Wednesday, March 20, 2019
As part of my self-love (yep, still makes me kinda queasy saying it) journey of 2019, I asked myself if I never lost another pound could I be happy? The answer is....I'm not sure. The idea is not to stay where I am but to start getting used to loving myself in the here and now. In other words, would I fight to honor this body, not the one I hope to have in a year or two. If I can't take of this soul package how will I be able to maintain a healthier weight? What will make me more deserving then?
So often I just "want out" of this number or that number range on the scale and I think that I can calm down once I'm there. It's a lie. If you can't love yourself today, chances are you won't be good enough tomorrow either and for those of us in our middle age there is the one two punch of other parts of our bodies changing with time as well. I am not merely shrinking and inflating in the same way I did in my younger years and with each year, things just...well, change. It makes it harder when you struggle with honoring yourself because the reality sets in that 10, 20, 30, 100 pounds gone is not going to land you back on the beach as a careless teen.
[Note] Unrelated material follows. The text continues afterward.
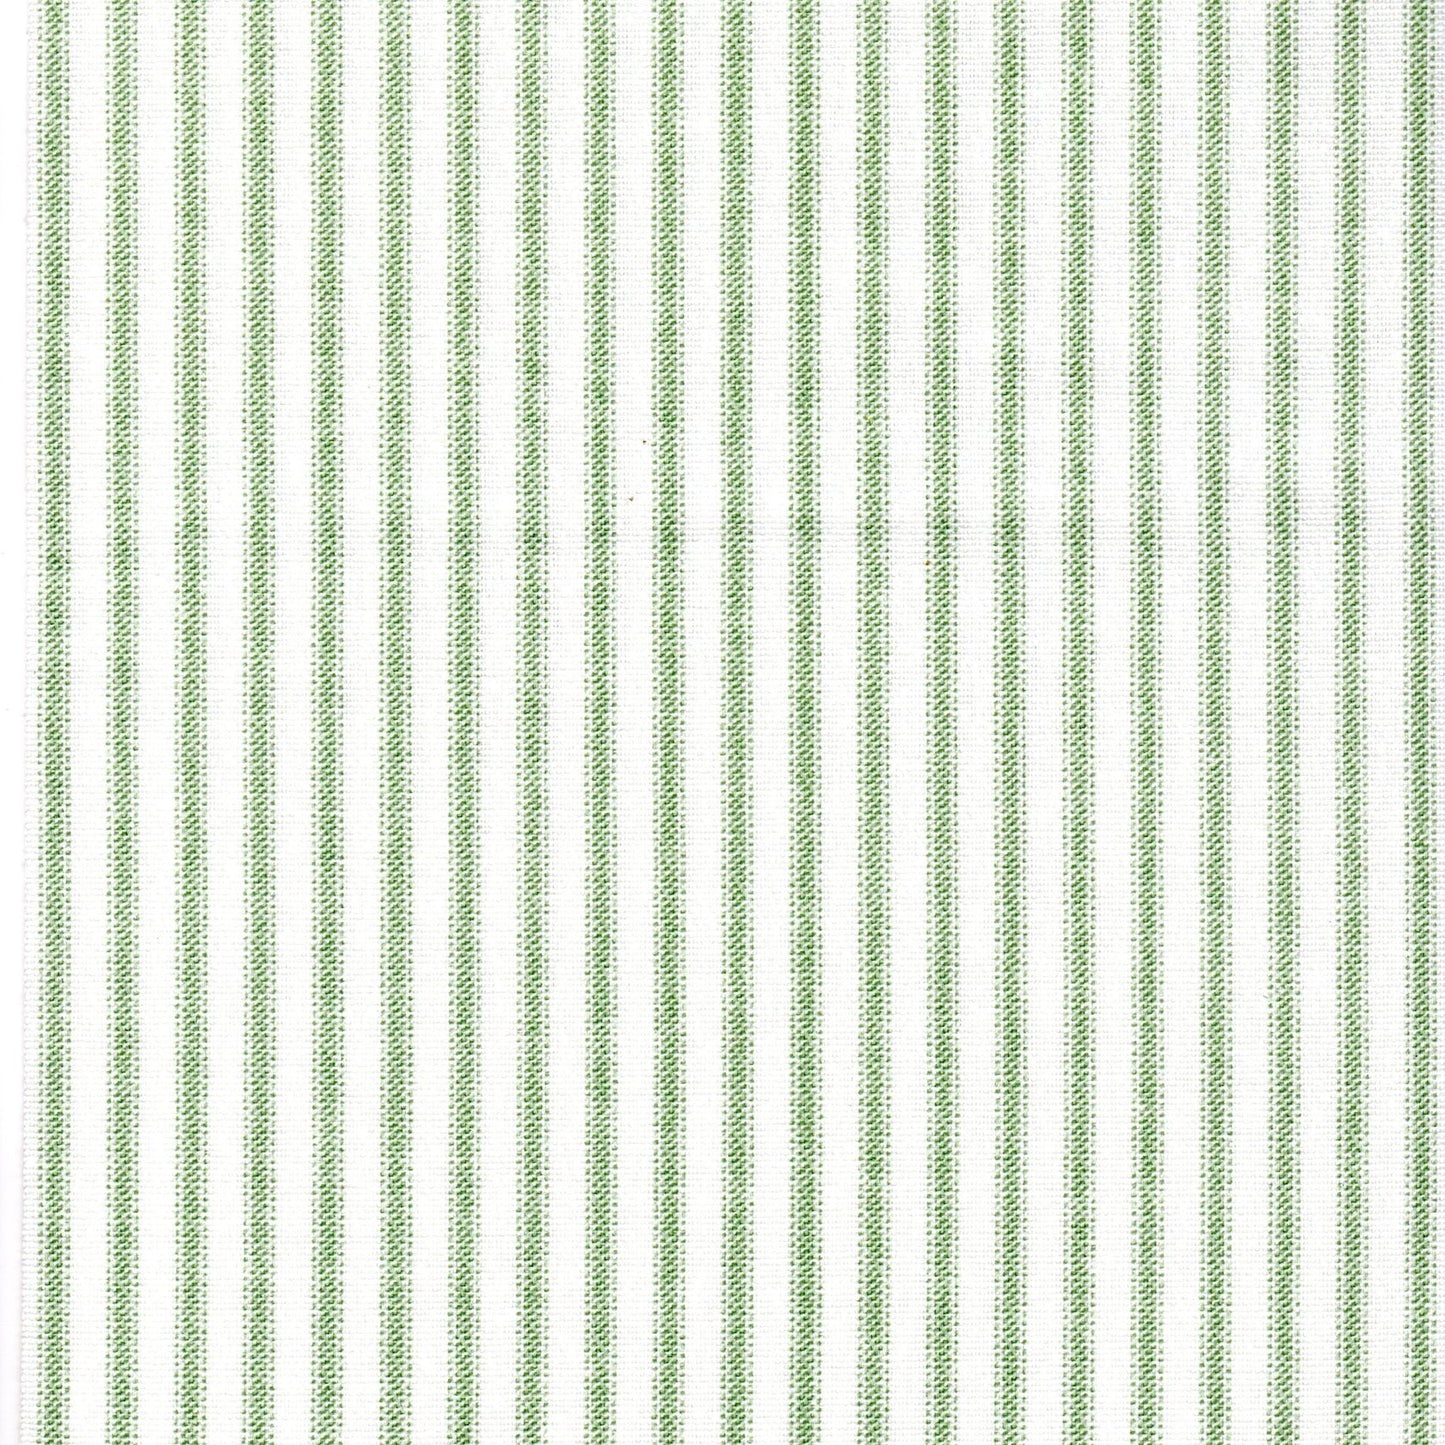 pillow sham in Classic Sage Green Ticking Stripe on White

I do laugh a lot these days, life is flying on by regardless of my weight and the good news is I care less and less about my vanity and more about my health. So, I am working on trying to care enough for this gal today. I want to care enough to carve out time for exercise, good sleep and plenty of water because at this weight, I still deserve the good things and I can be in practice for when I get a bit smaller and I don't stop if there is a fluctuation as if a few pounds makes me unworthy.
LOVE YOURSELF TODAY!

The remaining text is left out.